La salud, al igual que la comida, se convirtió en el gran negocio de un Estado rico con una cesta petrolera benevolente, donde era más fácil importar que desarrollar la industria nacional. Este hecho explica fácilmente por qué a partir del 2015-2016 con la caída de los precios del petróleo, comenzó a acentuarse la crisis del sector salud, ¡sorpresa! llegaron las vacas flacas para las cuales nunca nos preparamos.

Con la salida de Carlos Rotondaro del IVSS muchos creyeron que se acababa el problema de suministro y se tenía un chivo expiatorio, sin entender que los verdaderos culpables son quienes decidieron que el modelo económico de Venezuela debía ser rentista, improductivo y populista.

El Gobierno fracasó, acabó con las pocas empresas farmacéuticas que estaban en el país y se endeudó con los grandes laboratorios, todo hay que importarlo, el sistema está completamente inservible.

Si alguien todavía tiene duda de lo que estamos viviendo, puede revisar los casos de suicido que se van incrementando ante el desespero de no poder acceder a un tratamiento médico o a una medicina. Las personas han perdido la fe y la esperanza en su gobernante, son suicidios inducidos por un Estado indolente que se resiste a permitir la asistencia humanitaria, es decir, ni lava ni presta la batea.

Cualquier esperanza de rectificación fue aniquilada el 25 de febrero cuando el Presidente Nicolás Maduro en entrevista con el chileno Marco Enríquez Ominam, afirma que la información sobre los venezolanos que han muerto por falta de medicamentos “es una exageración”. Imagine usted lo que habrá sentido la familia del Sr.

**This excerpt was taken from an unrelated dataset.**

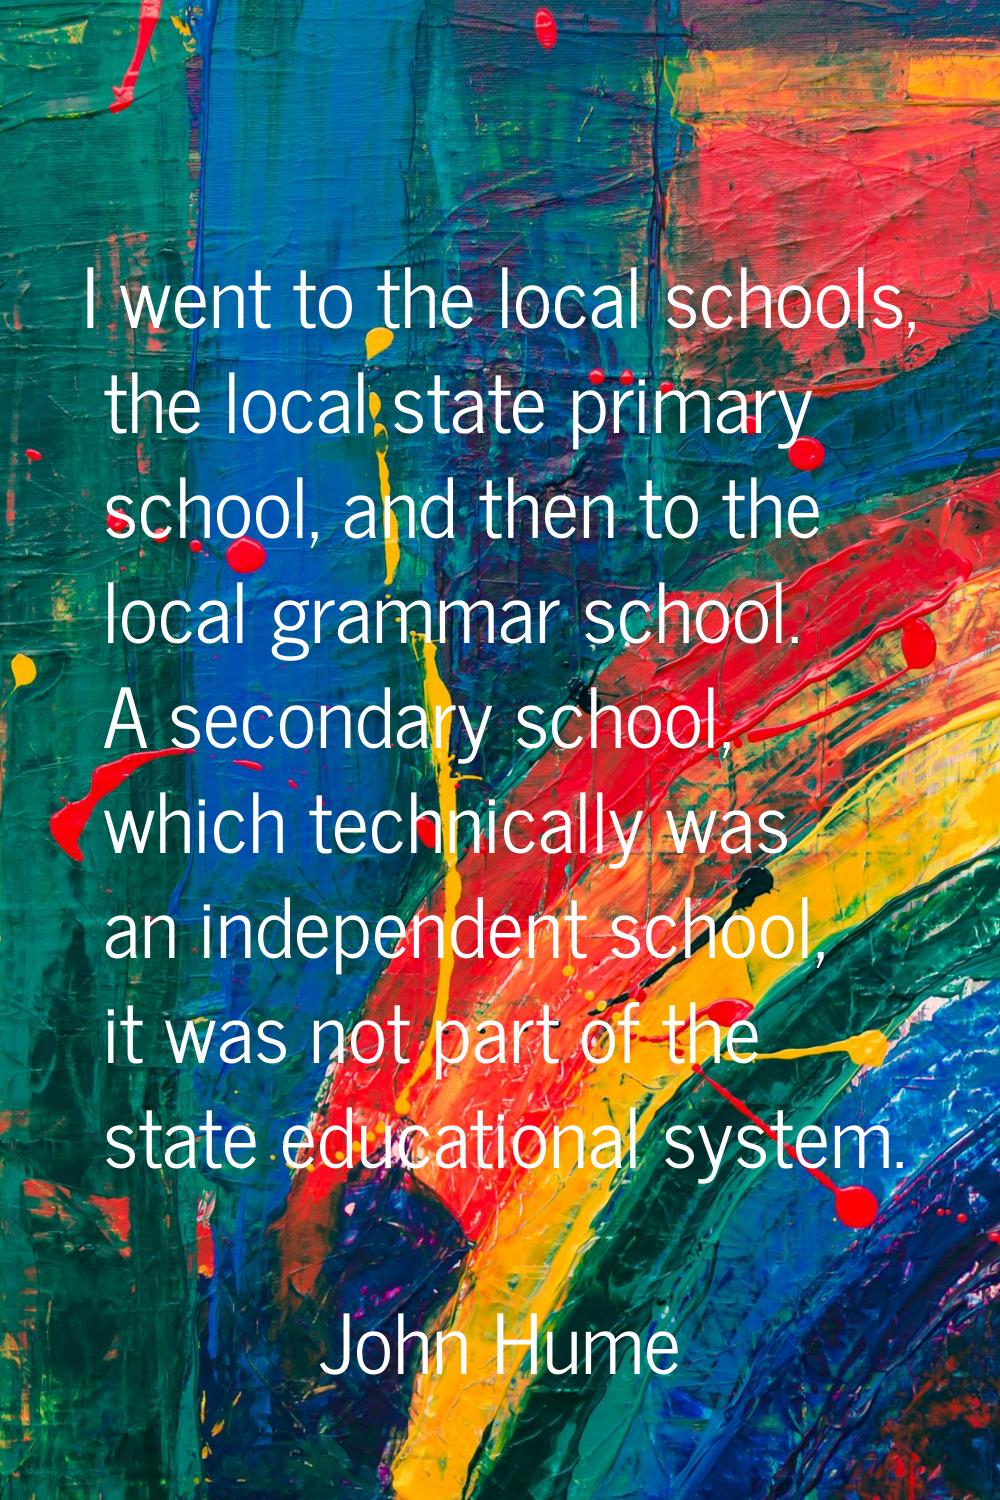 I went to the local schools, the local state primary school, and then to the local grammar school.

Pedro o cualquiera de nosotros a quienes nos toca cada día vivir el vía crucis de perseguir un medicamento o la imposibilidad de realizarse un tratamiento médico.

Las mujeres del Movimiento Amplio alzamos nuestra voz para pedir al Gobierno que admita su incapacidad y permita la asistencia humanitaria. ¡No pueden seguir muriendo más venezolanos!.

Las soluciones tienen que ser ahora, ¡tienen que ser YA!. Sr. Presidente, si todavía le queda un ápice de conciencia suspenda las elecciones del 22/04 y convoque a un Gran Acuerdo Nacional para abrir las compuertas de la verdadera democracia, lo cual incluye en primer lugar elecciones apegadas a las garantías constitucionales y de ley, aléjese de la trampa, o por qué no, renuncie, eso sería una salida histórica y decorosa para permitir que el derecho a la vida vuelva a los venezolanos.